> **EXERCISE**
Pictures in the data must not be copied, but everything else should be output exactly.

> **INFORMATION SUPPLIED**

:::

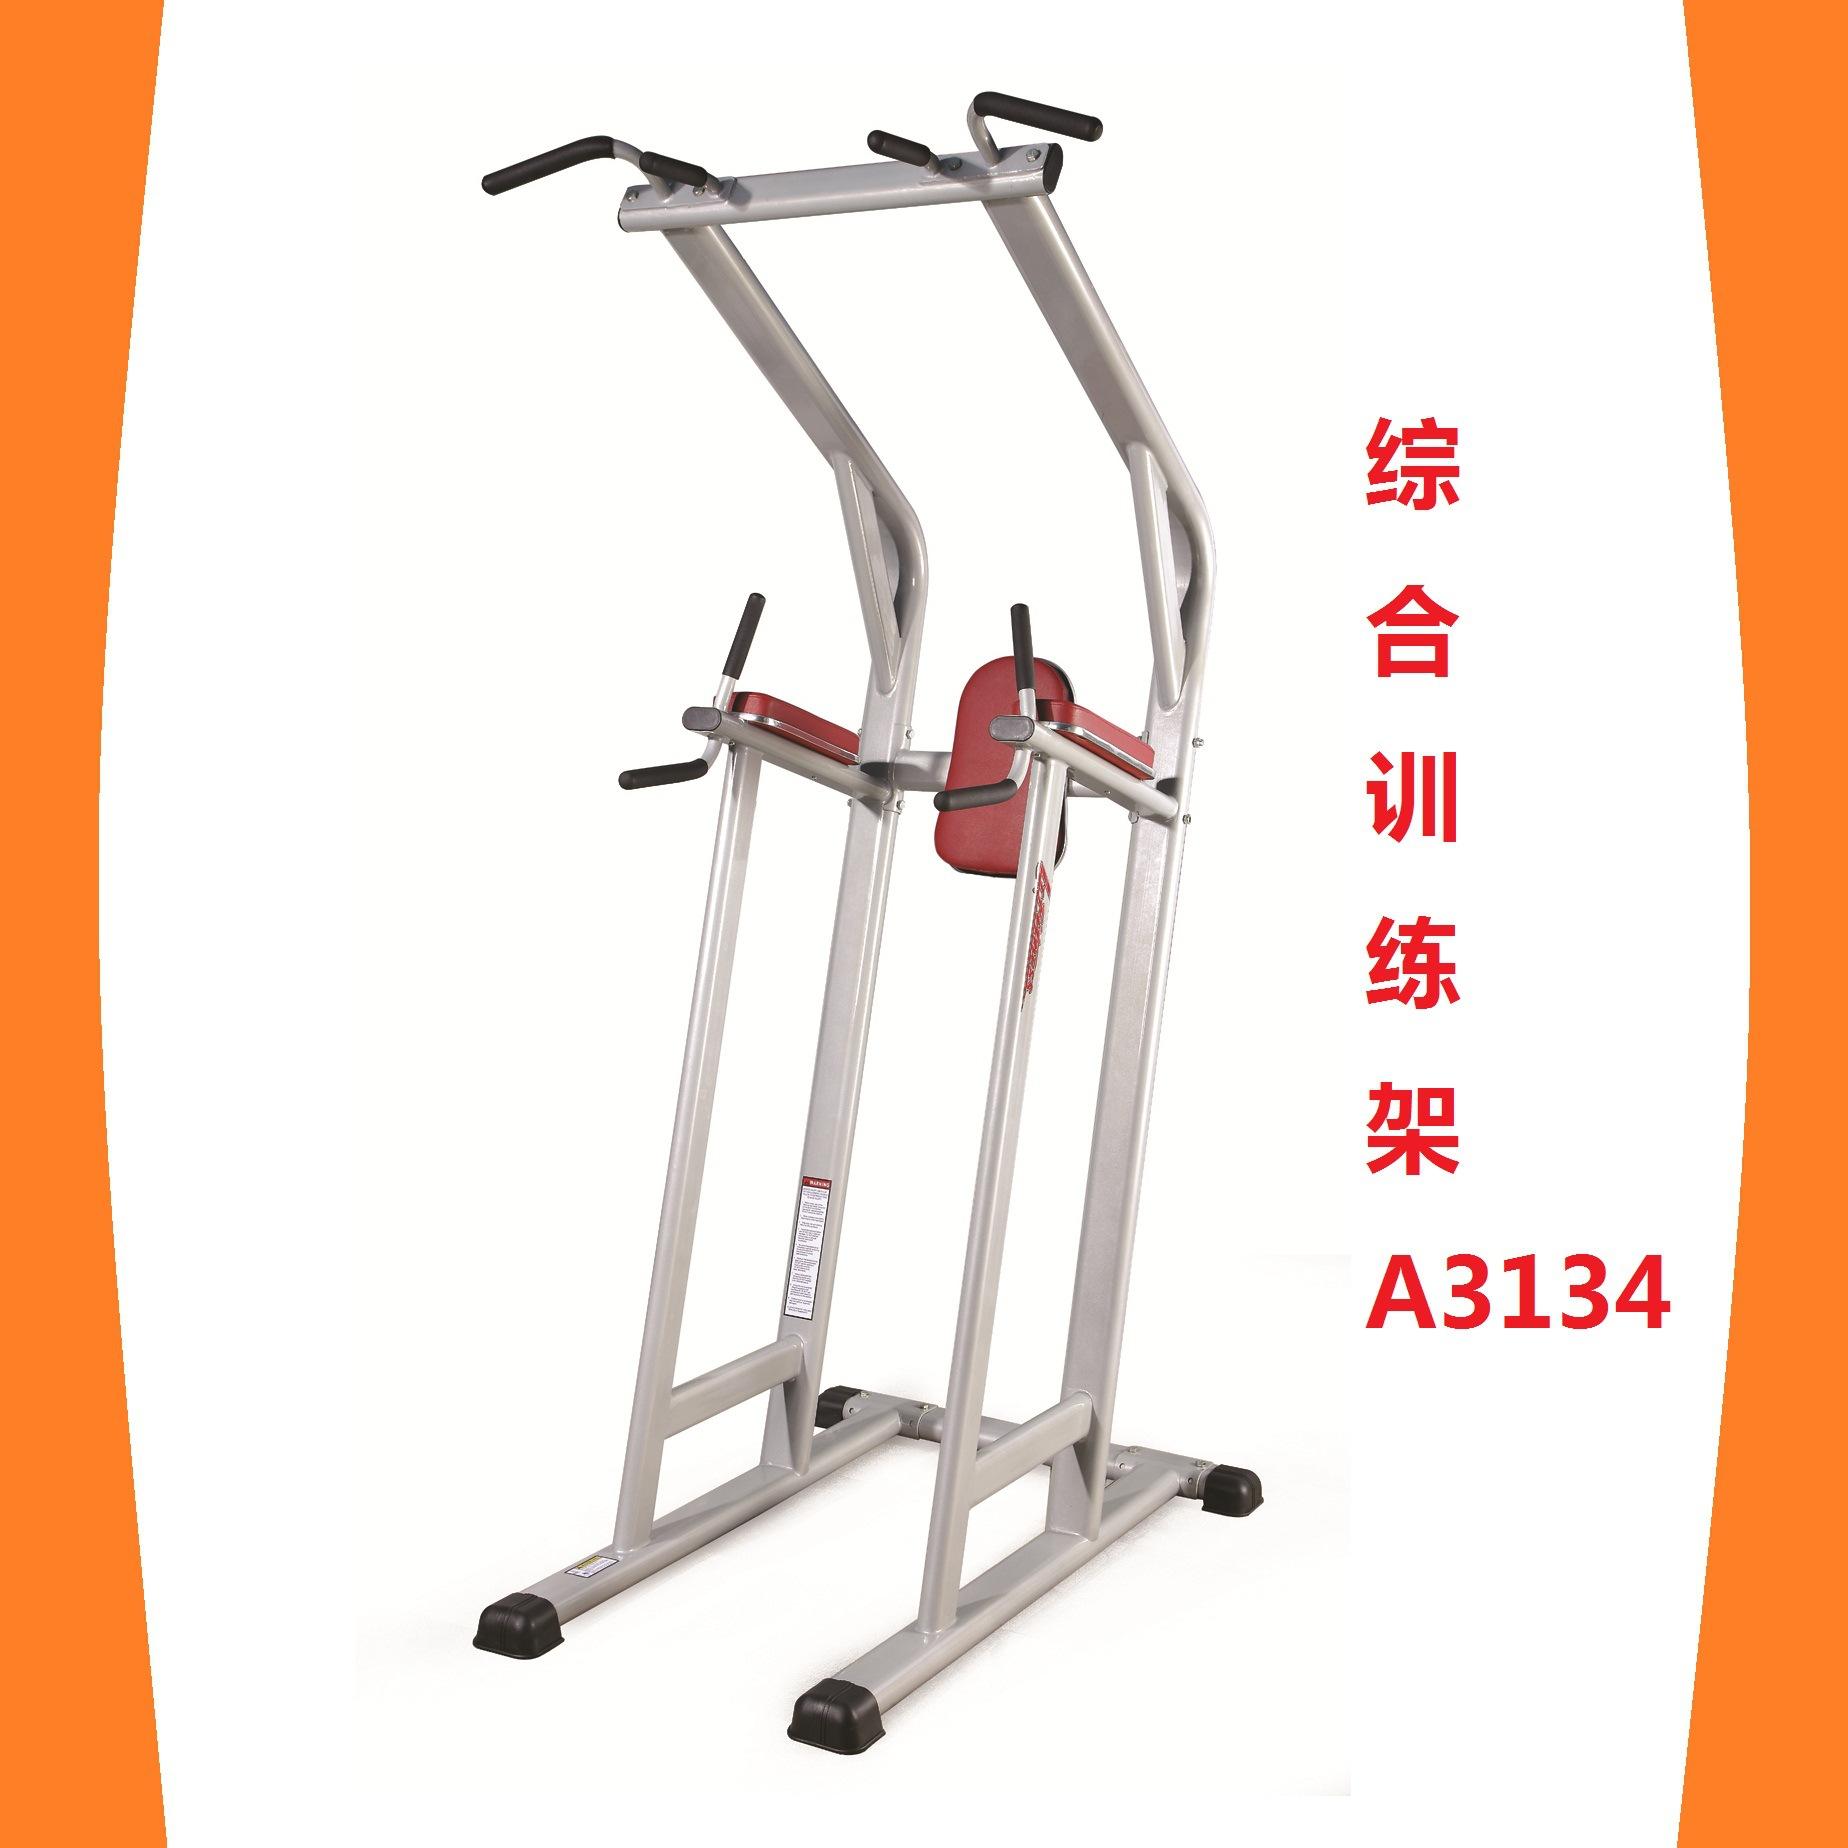 厂家供应商用力量型肌肉拉伸器 室内运动健身器材可混批
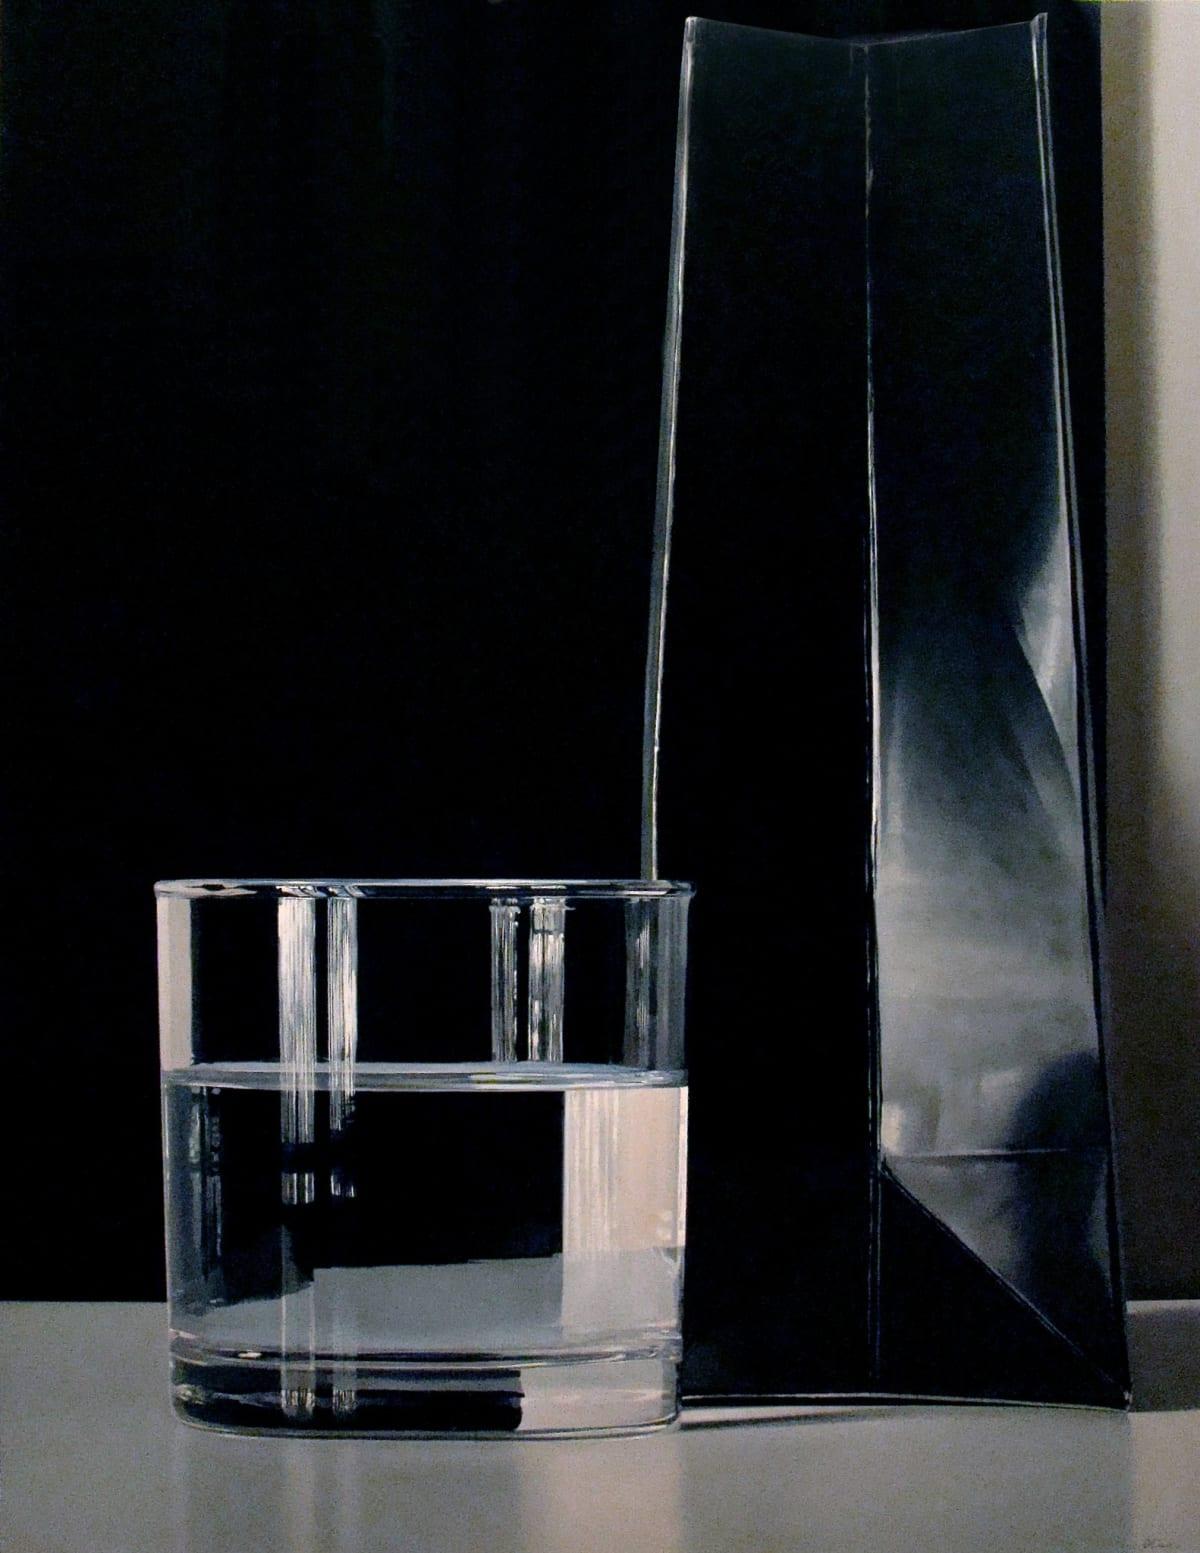 Fernando O'Connor Harmony in Black II Oil on canvas 200 x 150 cm
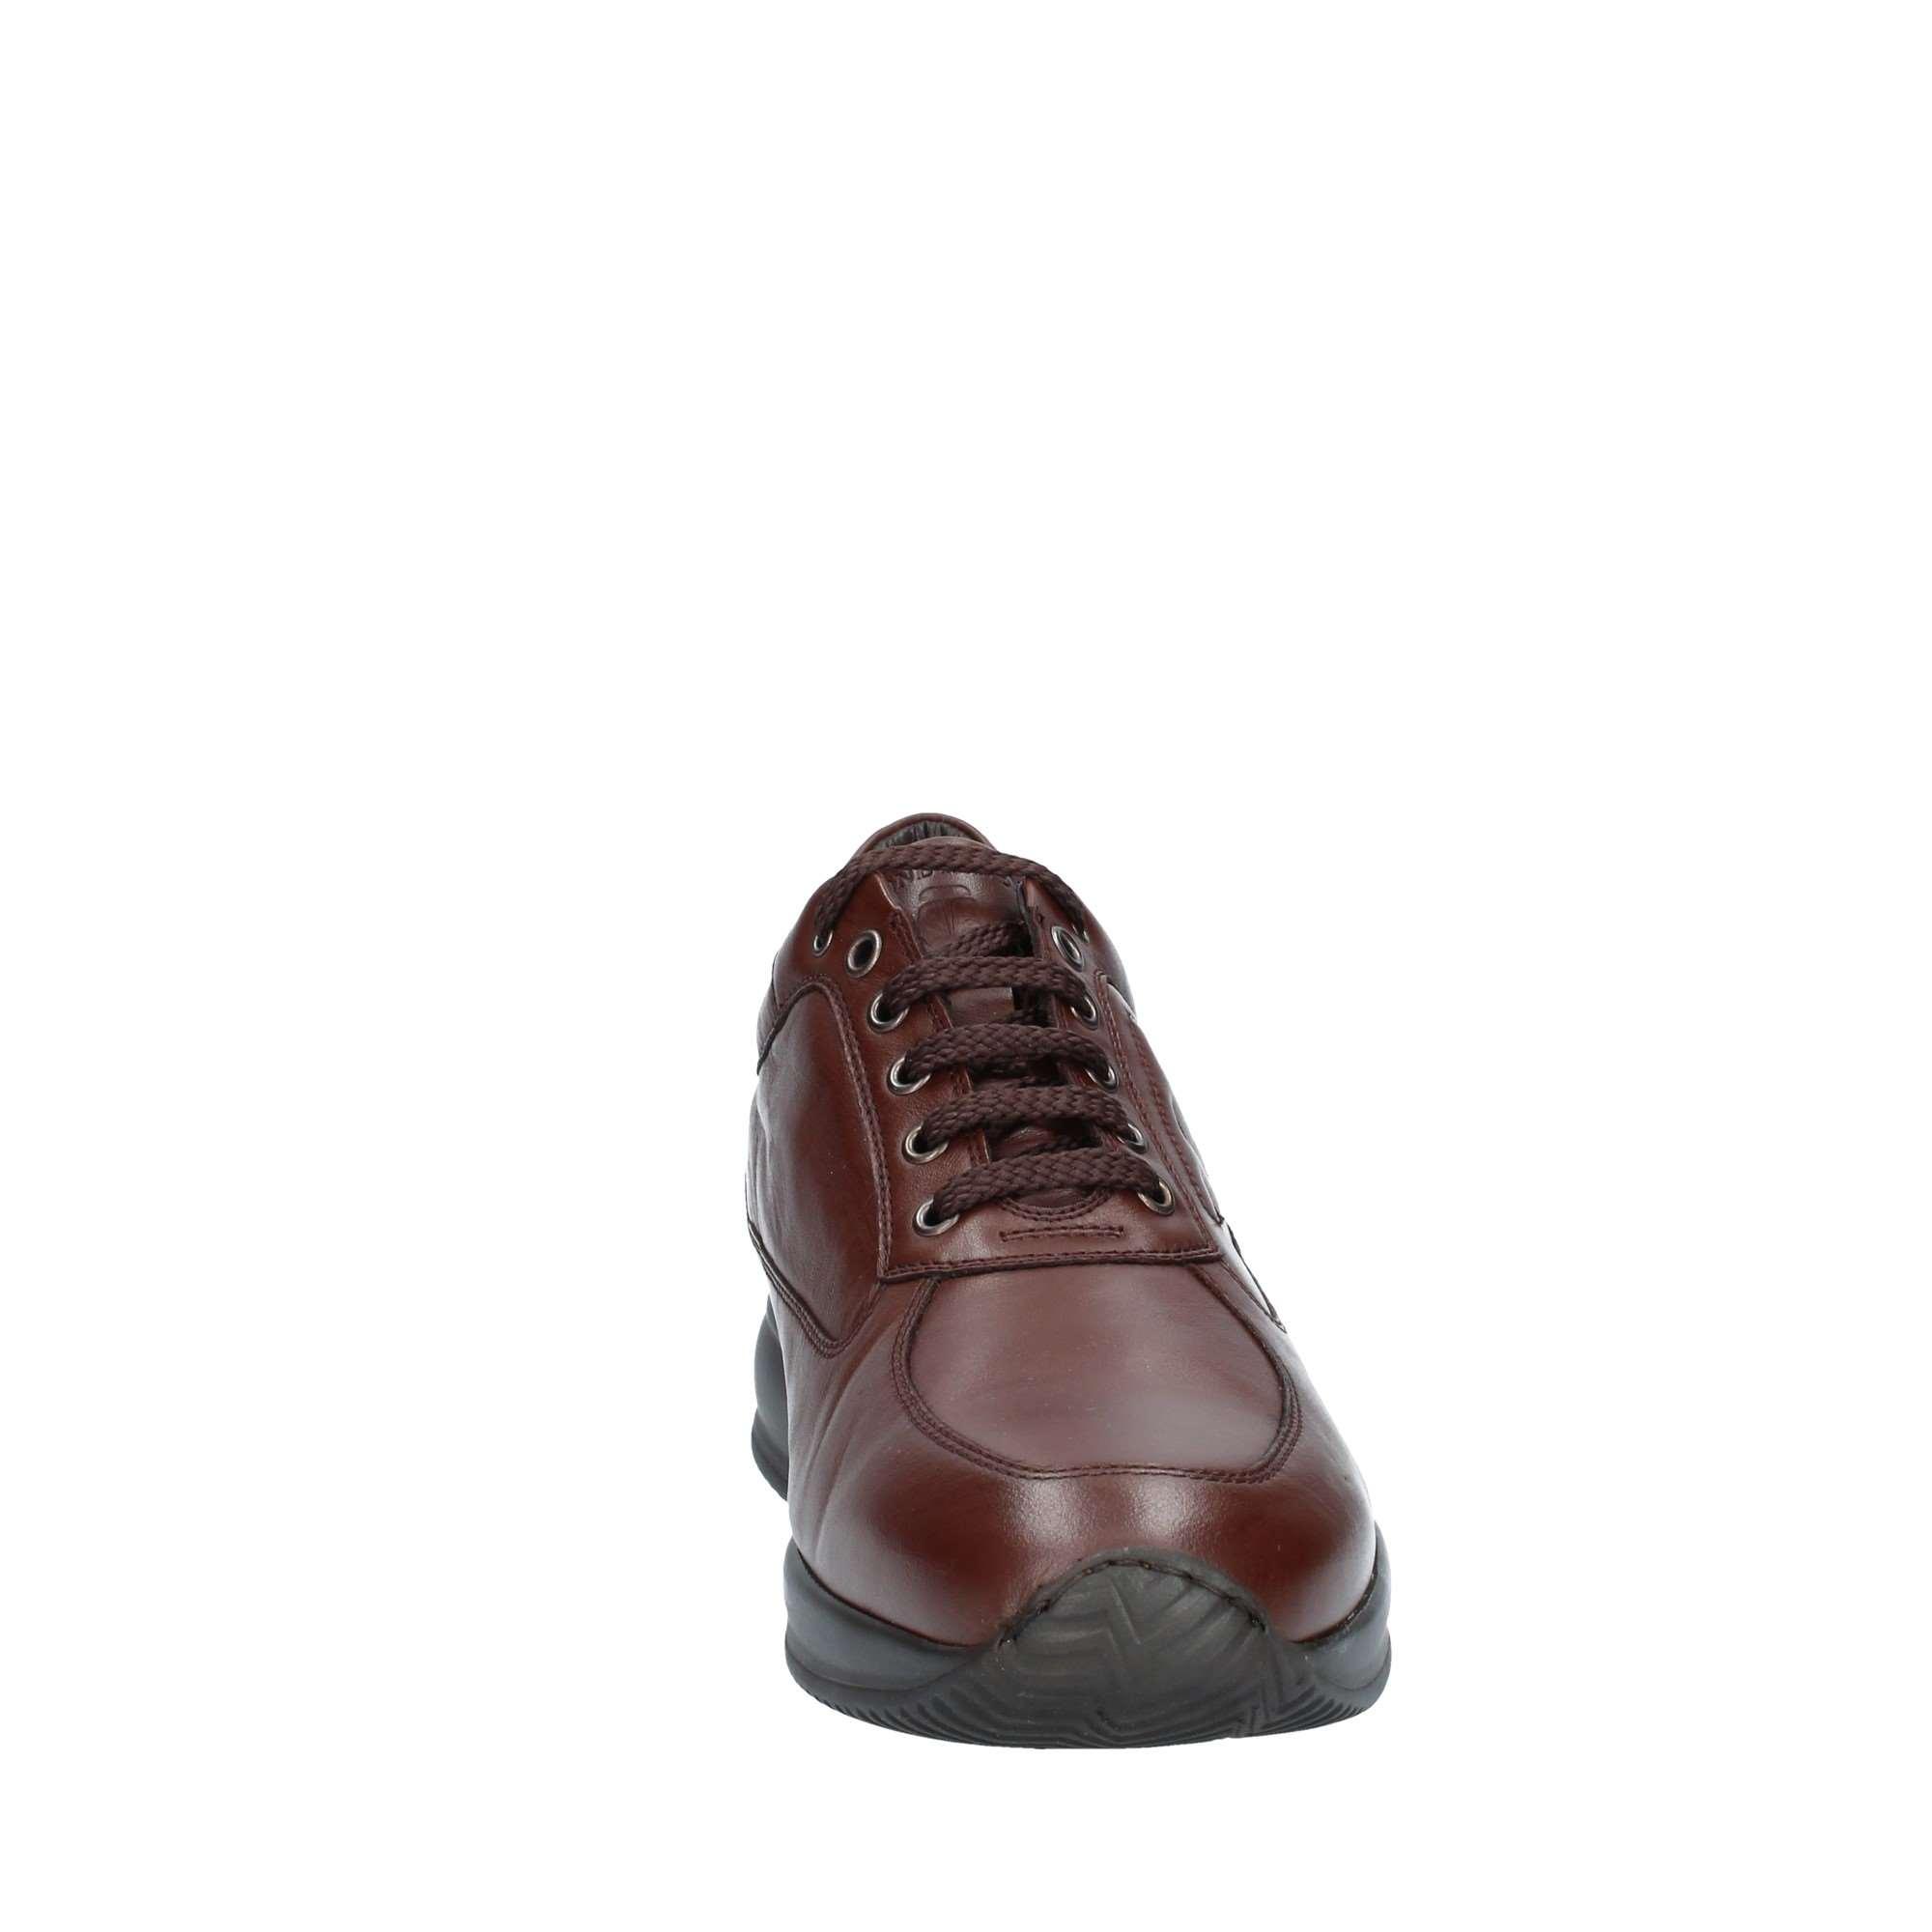 Stone haven 20579 scarpe da ginnastica ginnastica ginnastica Uomo Autunno Inverno | Fornitura sufficiente  8a6f1b

:::

> **EXERCISE RESULT**
 厂家供应商用力量型肌肉拉伸器 室内运动健身器材可混批
 Fernando O'Connor Harmony in Black II Oil on canvas 200 x 150 cm
 Stone haven 20579 scarpe da ginnastica ginnastica ginnastica Uomo Autunno Inverno | Fornitura sufficiente  8a6f1b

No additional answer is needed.